■ Data below:
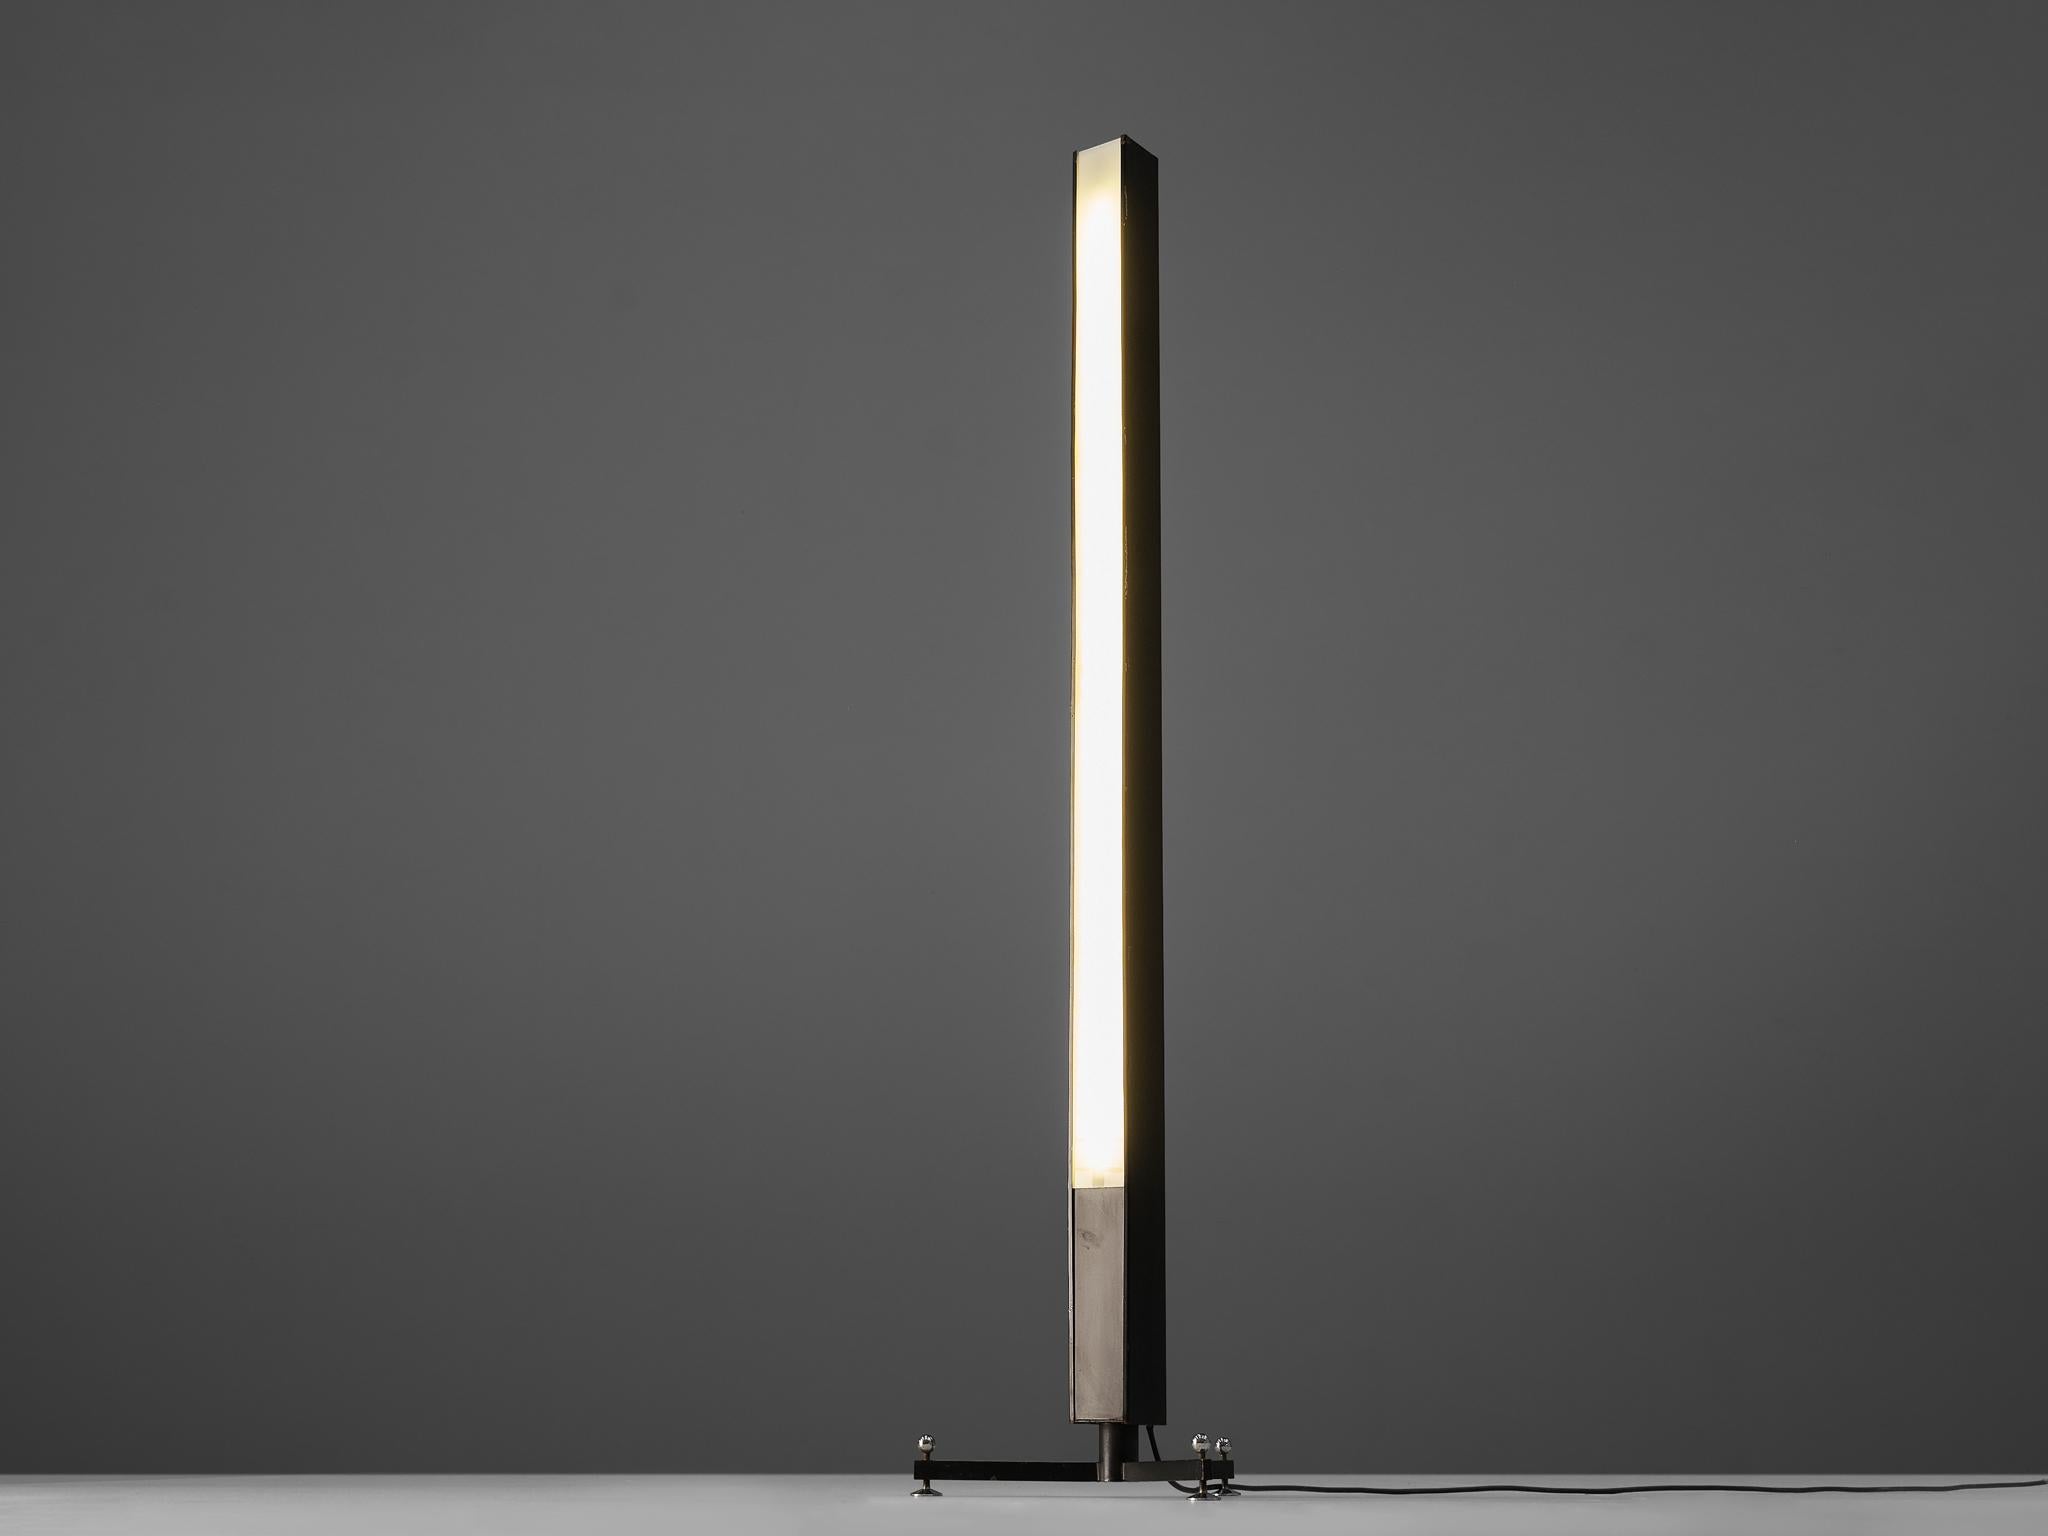 Wim Ypma/Iepma für A. Polak, Stehleuchte, Metall, Acryl, Niederlande, 1950er Jahre

Ein niederländisches Design, das seiner Zeit voraus ist. Diese Lampe wurde in den fünfziger Jahren entworfen und hat einen postmodernen Look. Die Konstruktion
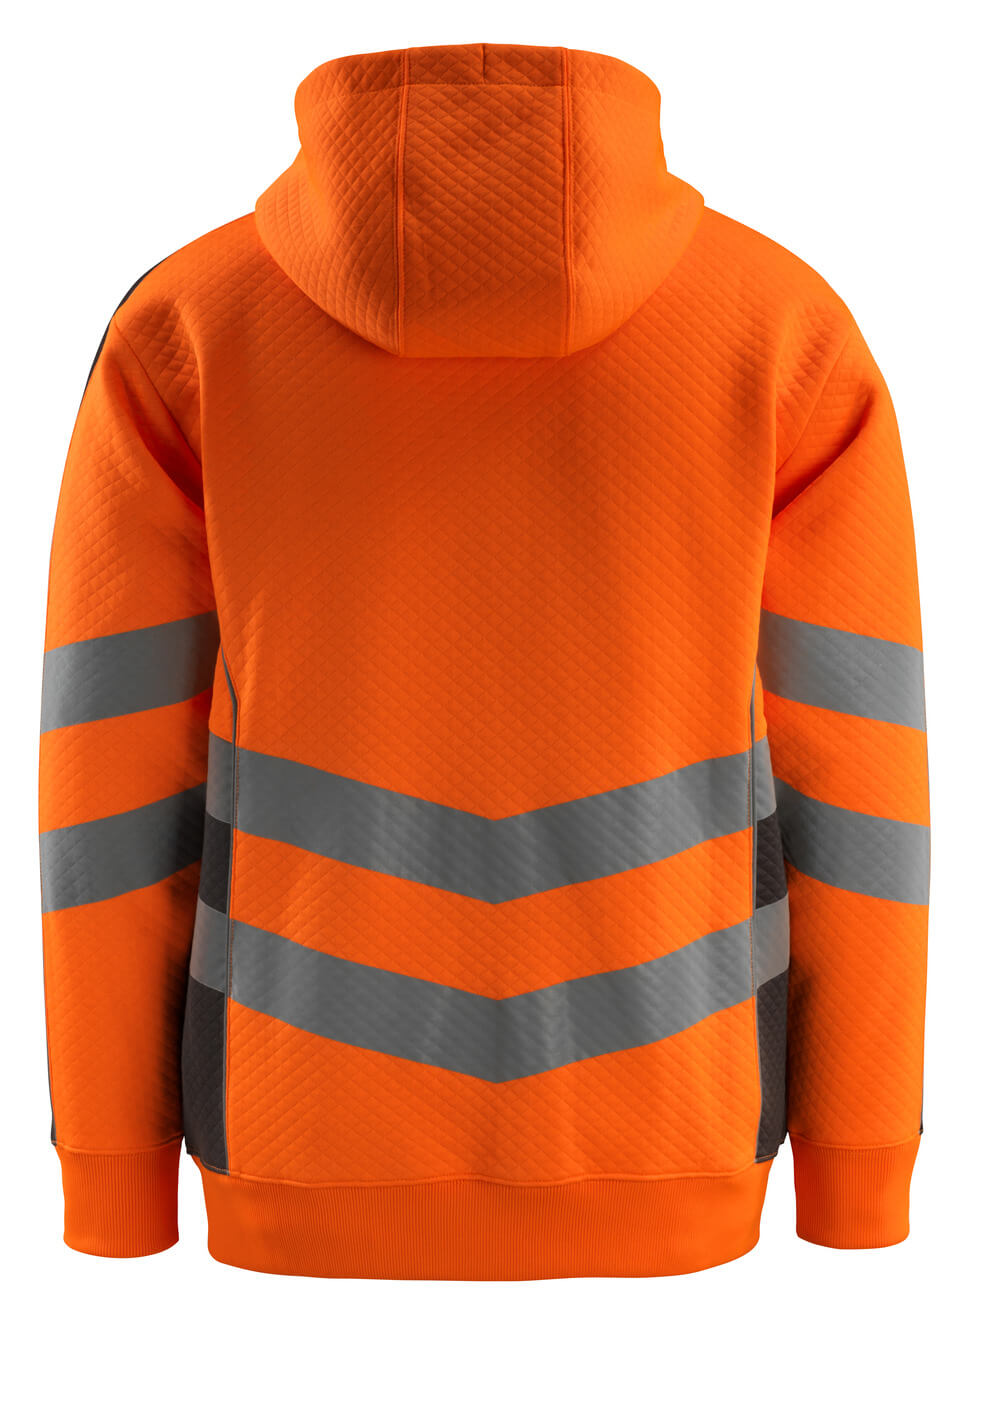 Kapuzensweatshirt mit Rei?verschluss SAFE SUPREME Kapuzensweatshirt mit Rei?verschluss in Farbe Hi-vis Orange/Dunkelanthrazit
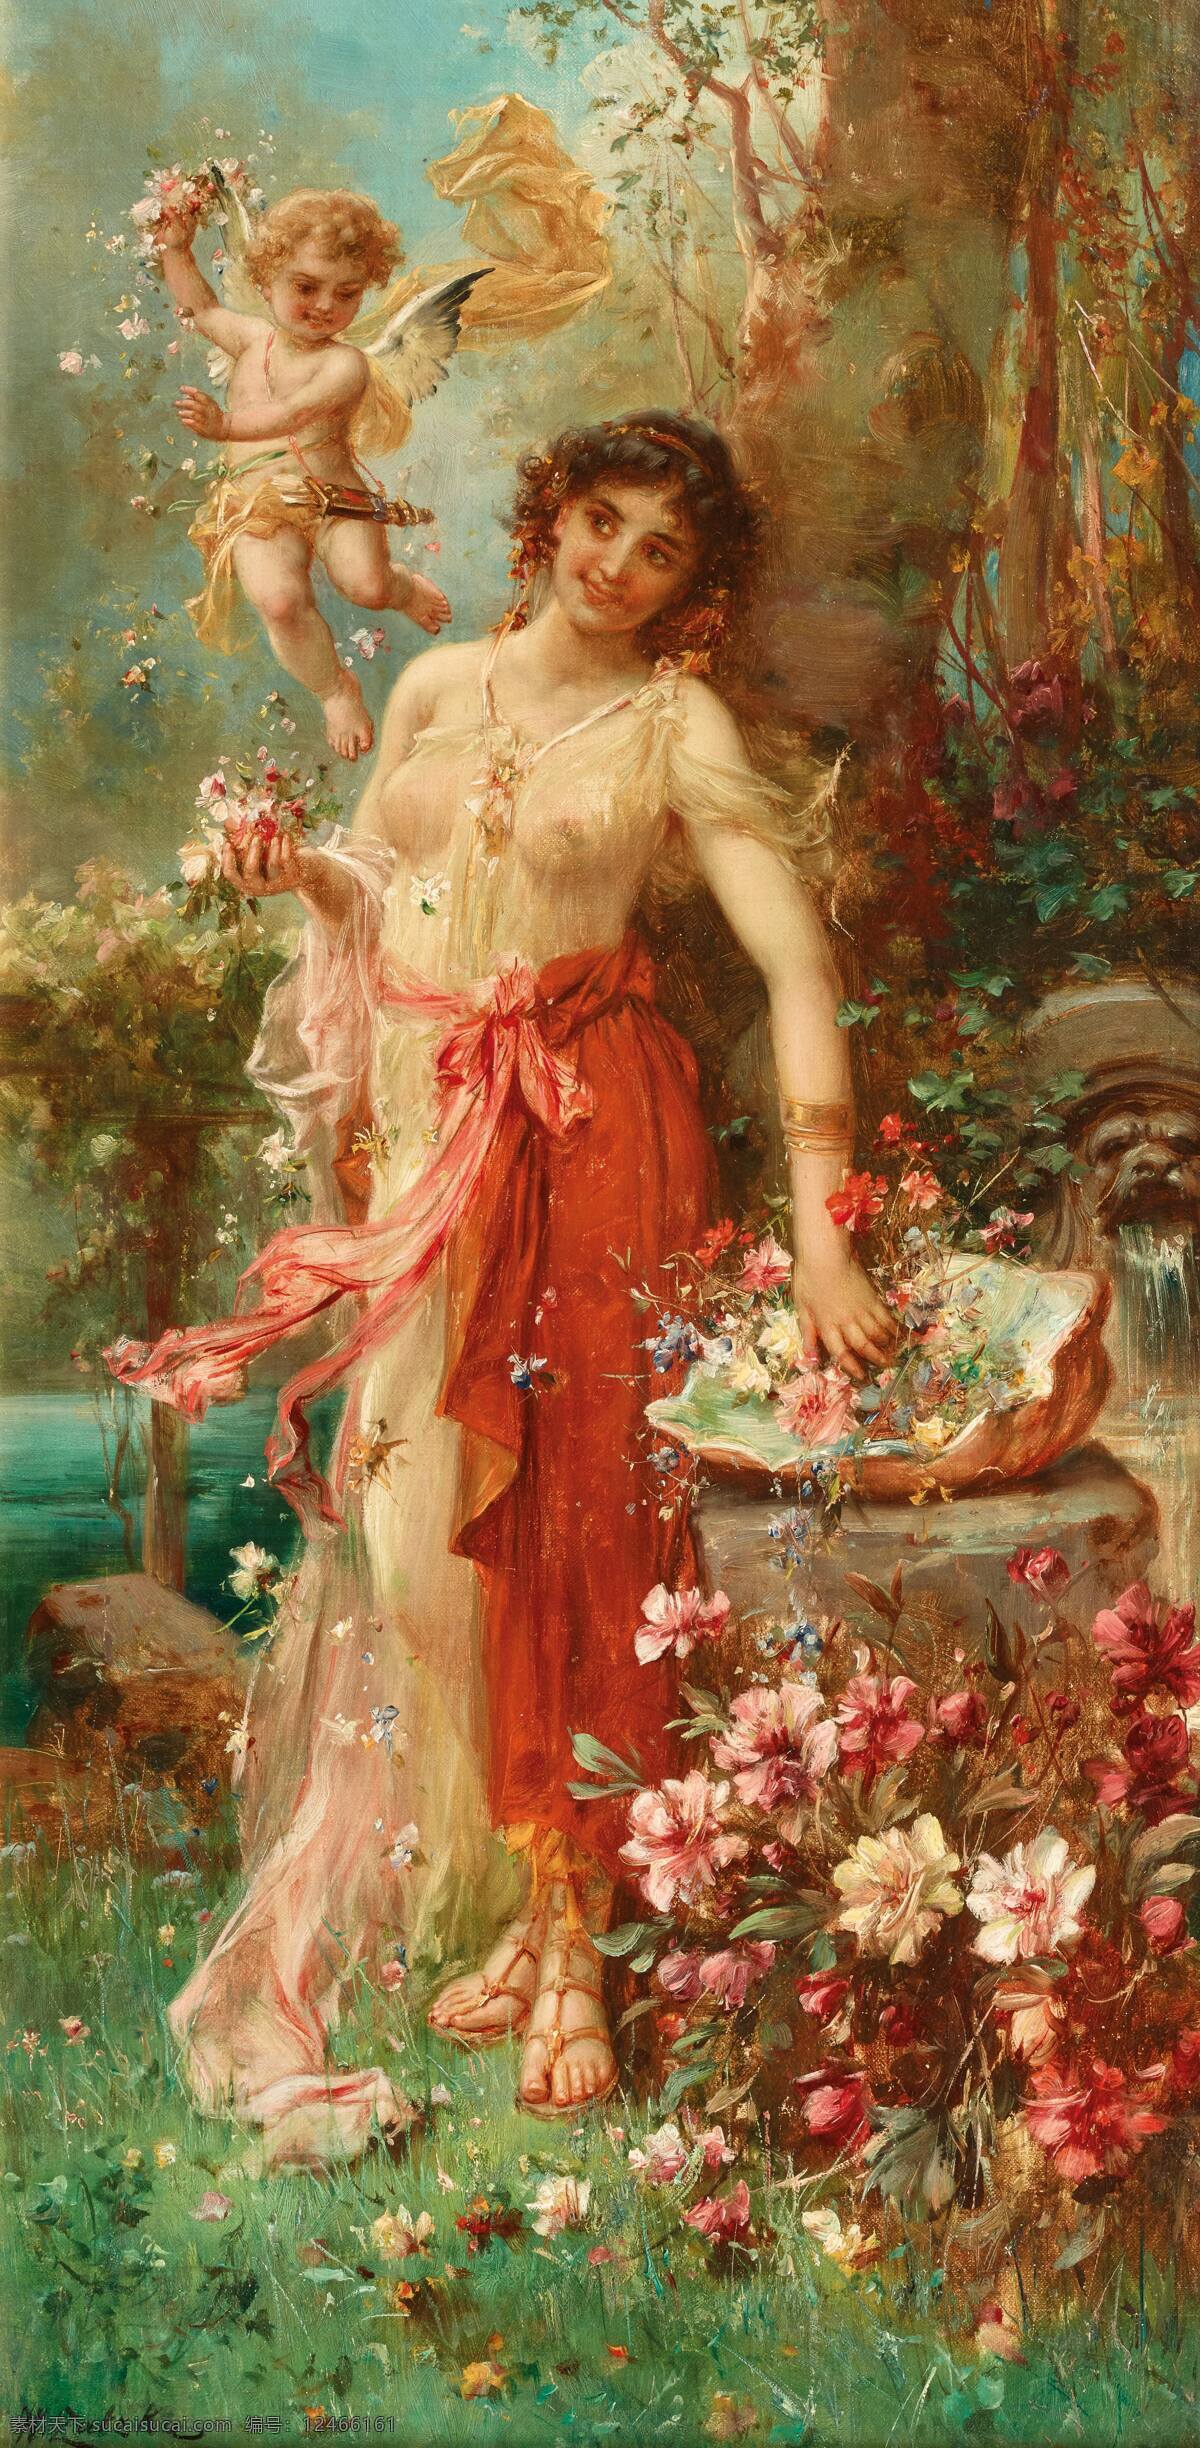 汉斯 查 兹 卡 作品 奥地利画家 花神弗洛拉 小天使 鲜花盛开 19世纪油画 油画 文化艺术 绘画书法

■ Problem details:
Each line from the one with "Kapuzensweatshirt mit Rei?verschluss SAFE" to the final line of the data above is to be printed exactly; no picture should appear in the copy.

■ Problem solution:
 Kapuzensweatshirt mit Rei?verschluss SAFE SUPREME Kapuzensweatshirt mit Rei?verschluss in Farbe Hi-vis Orange/Dunkelanthrazit
 汉斯 查 兹 卡 作品 奥地利画家 花神弗洛拉 小天使 鲜花盛开 19世纪油画 油画 文化艺术 绘画书法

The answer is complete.